А если не можешь победить сам — моли Аллаха о легкой смерти.
Лидер самого крупного бандформирования, относящегося к афганской вооруженной оппозиции Гульбеддин Хекматьяр ехал в лагерь, где готовились его и не только его люди, чтобы проверить — как идет подготовка. Только что ему выделили, безусловно, щедрый грант — десять миллионов долларов сразу и это только ему одному — для того, чтобы он совершил теракты в Ташкенте, Душанбе, Ленинграде и Москве. А для того, чтобы сделать это — нужны были опытные, очень опытные люди. Или — люди фанатичные, готовые умереть для того, чтобы покарать кяффиров в их городах. Первых в Афганистане не было — а вот вторых было в избытке. Именно для них сейчас в Аттоке создали особые курсы, где перебежчики, которые предали Родину и дезертировали — учли афганцев говорить по-русски, ориентироваться и жить в России. Это было заделом на будущее — первые террористические акты должны были совершить те, кто был отправлен на учебу в СССР, пообжился там, вернулся в Афганистан — а потом перешел на сторону моджахедов.
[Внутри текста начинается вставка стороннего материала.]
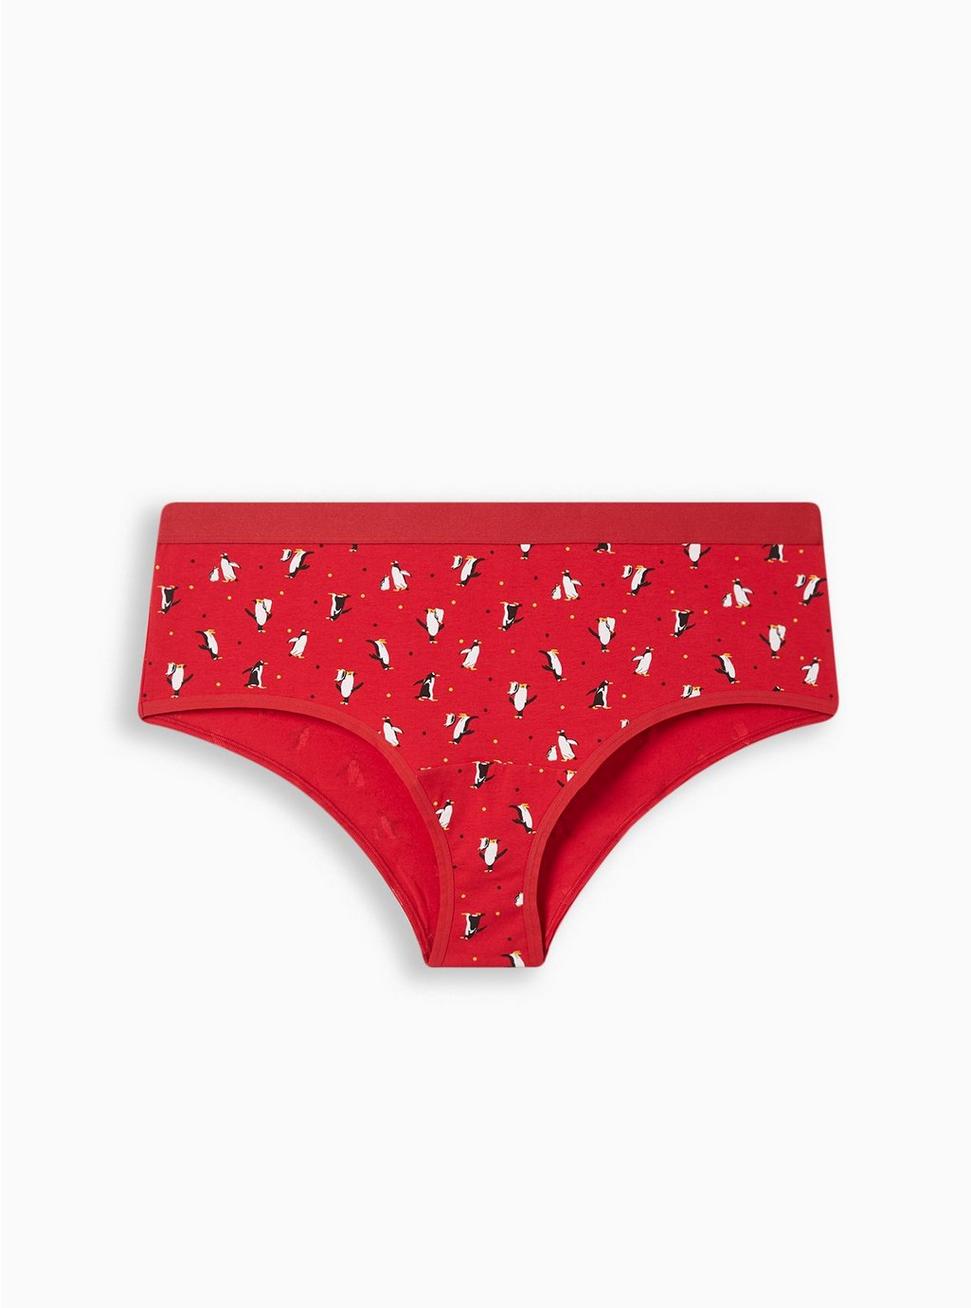 Cotton Mid-Rise Cheeky Panty, PENGUINS RED DOT, hi-res
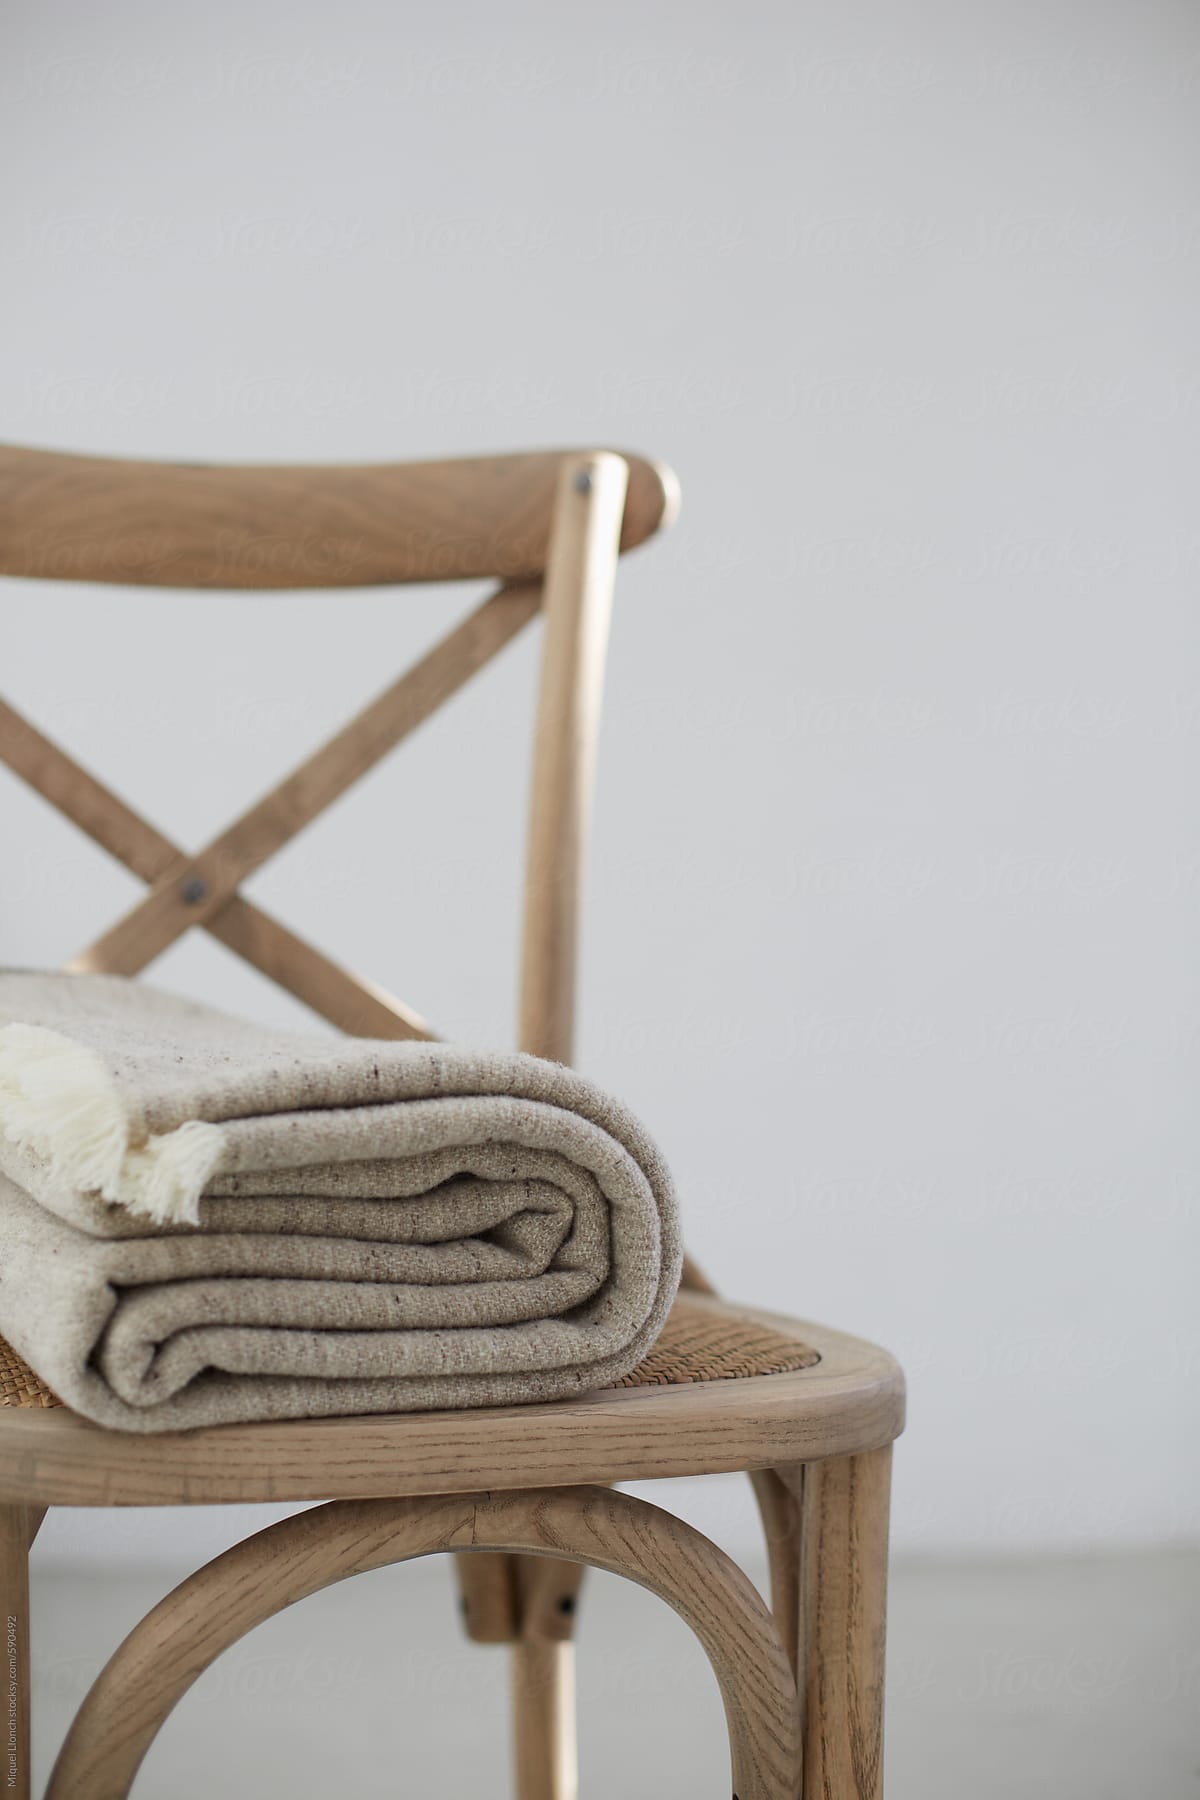 Chair and wool blanket with white background

Или те, кто УЖЕ ЖИЛ в СССР, направленный на обучение такими людьми, как Сулейман Лаек и иже с ними. Но таких людей было мало, считанные единицы — а здесь, в лагере Атток учились уже десятки, чтобы не затихало пламя джихада, чтобы ветер нес его дальше, нес по странам и континентам, поджигая там, где его, пламени, не было никогда.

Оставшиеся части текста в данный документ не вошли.